SDN: Besides the ASIS certifications, are there other professional certifications out there that security professionals should pursue?
O'Hara: Certainly in the environment we are in, and are going to be in, the IT security arena is a very important one. And as you see the transition of CSOs and the CISOs into cohabitating in the same organization, the CISSP [Certified Information Systems Security Professional] that is sponsored by ISC2 is certainly very important and has gained significant traction in the last several years. And then ISACA has a couple new ones: The CISM [Certified Information Security Manager] has done well. All of those things are good for a well-rounded security practitioner and professional.
SDN: What are you most proud of during your tenure as ASIS president?
O'Hara: Well there's several things that we did this year that just happened to be the year I was president that I don’t take full responsibility for, but the Women in Security group was important and we made a lot of traction with it. The Young Professionals group was a trend we were into and we substantiated that this year. Both of those drew large numbers of people in Orlando and our annual seminar. The relationship we struck up with ISC2 was long in coming and I'm certainly proud of the fact we were able to exhibit and provide education to both of our membership in Orlando, and you'll see more of that in years to come.
One significant disappointment was the Wounded Warrior program. I don’t think we got as much traction as I was hoping we would get in providing jobs to the wounded warriors. We financially support them as we have in the past and I was hoping we'd get in a little deeper. It certainly isn’t a one-year initiative, it's an ongoing one. So maybe in a couple years we'll see the fruits of that display themselves.
SDN: What are the trends you'll be watching out for in 2012?
O'Hara: Globalization and virtualization. Everyone wants to do everything wherever they are, 24 hours a day, seven days a week, whether they're in Kabul or Lahore, Pakistan, or in Bangladesh. So that's a challenge because of intellectual property issues, and then having the support functions that support someone 18 hours away from headquarters, wanting to get in to look at some intellectual property. As the world gets smaller and the turmoil we saw in the world today, it doesn’t look like it has much end in sight and will challenge all of us in the world we live in from a protection standpoint.
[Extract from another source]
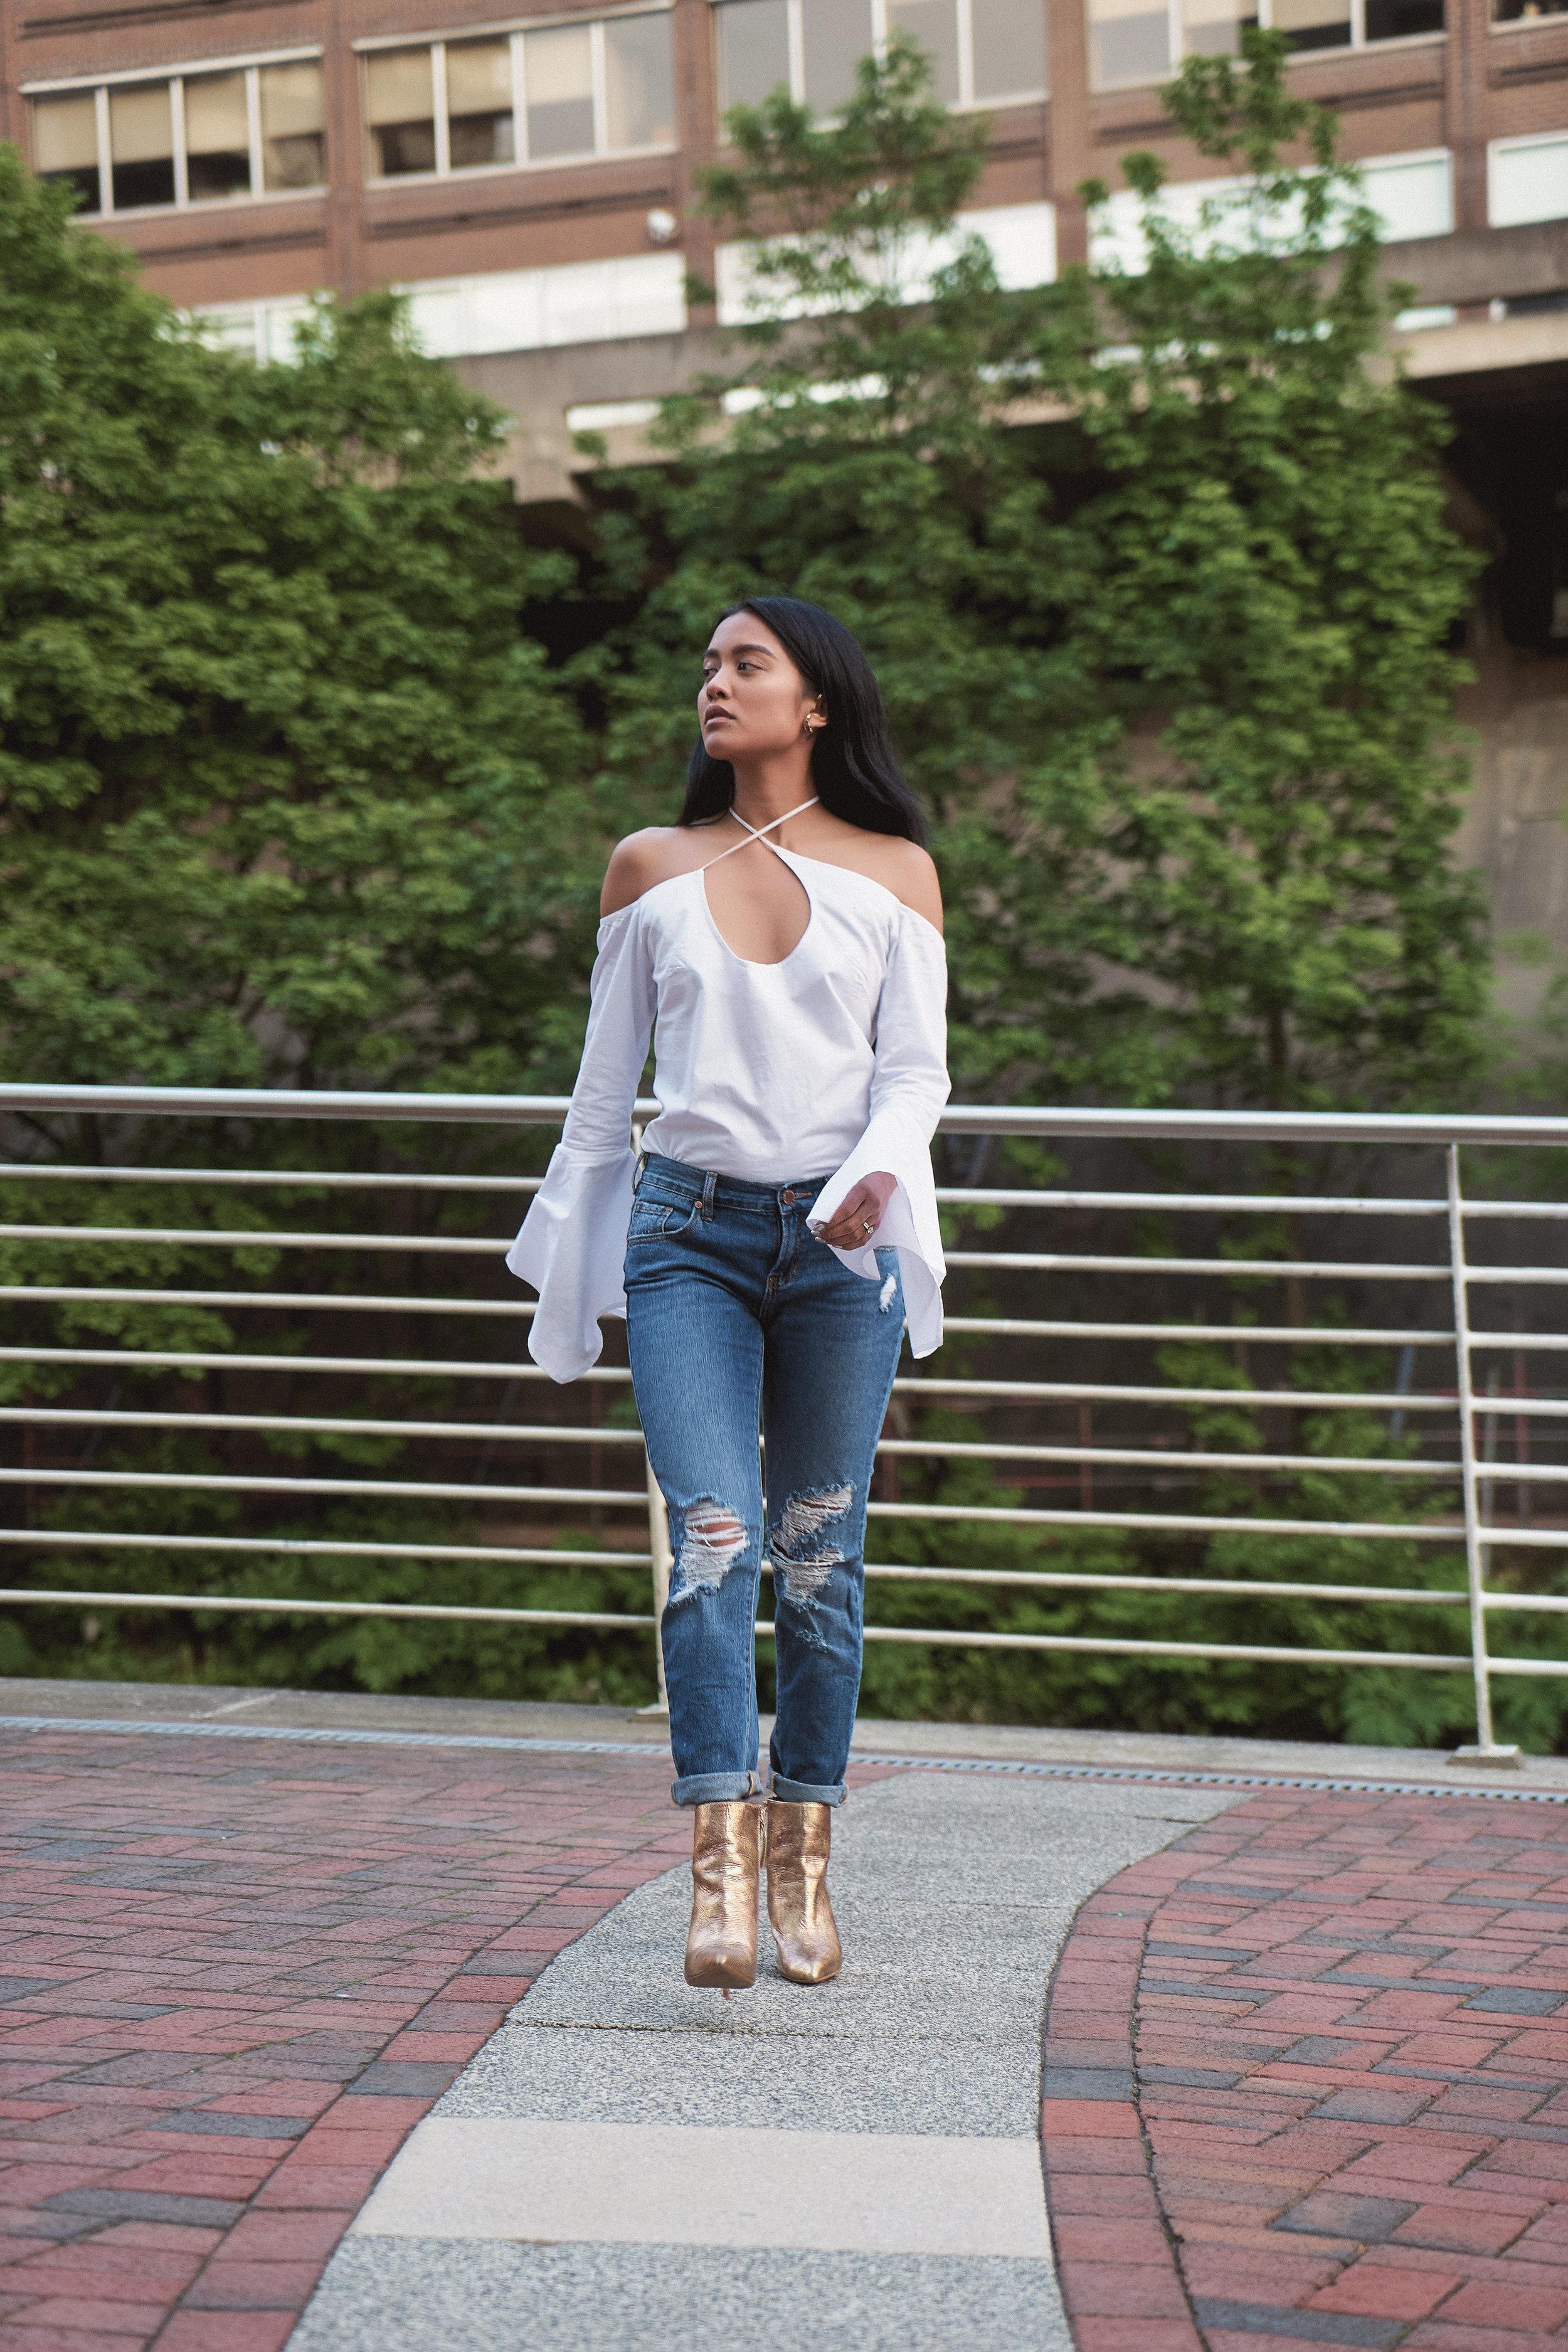 maurie & eve top  |  pacsun jeans  | zara booties |  love AJ earrings |  TT ring  |   photos by sean martin

SDN: What goals will ASIS have for the next year?
O'Hara: We're very interested in the international aspect. Last week, we approved two more international chapters: One in Seoul, Korea, and one in Juarez, Mexico. So our international membership is growing and that’s important to all of us. The Young Professionals and the Women in Security groups are ongoing initiatives that we'll continue to grow and will be supported by those that come behind me. We're continuing our CSO Roundtable penetration into the community. That's done very well. And we'll continue to provide special education around the world for people interested in that.
SDN: The incoming president, Eduard Emde, is first non-U.S. security practitioner to serve in that position, so that's a milestone. Do you have any advice for him?
O'Hara: He and I were together last week for a few days and my first piece of advice was 'enjoy it.' It's a lot of fun and you'll meet people around the world that you haven’t met before or re-meet some people that you haven’t met in a long time or have only met on the phone. He has a strategic plan, but it doesn’t change all that much every year so he's very interested in internationalization and delivering value to the membership of ASIS—those that are members today and those that want to be members tomorrow. I fill in the role of chairman for 2012, so I'm a sounding board to help him as we continue to penetrate issues around the world together.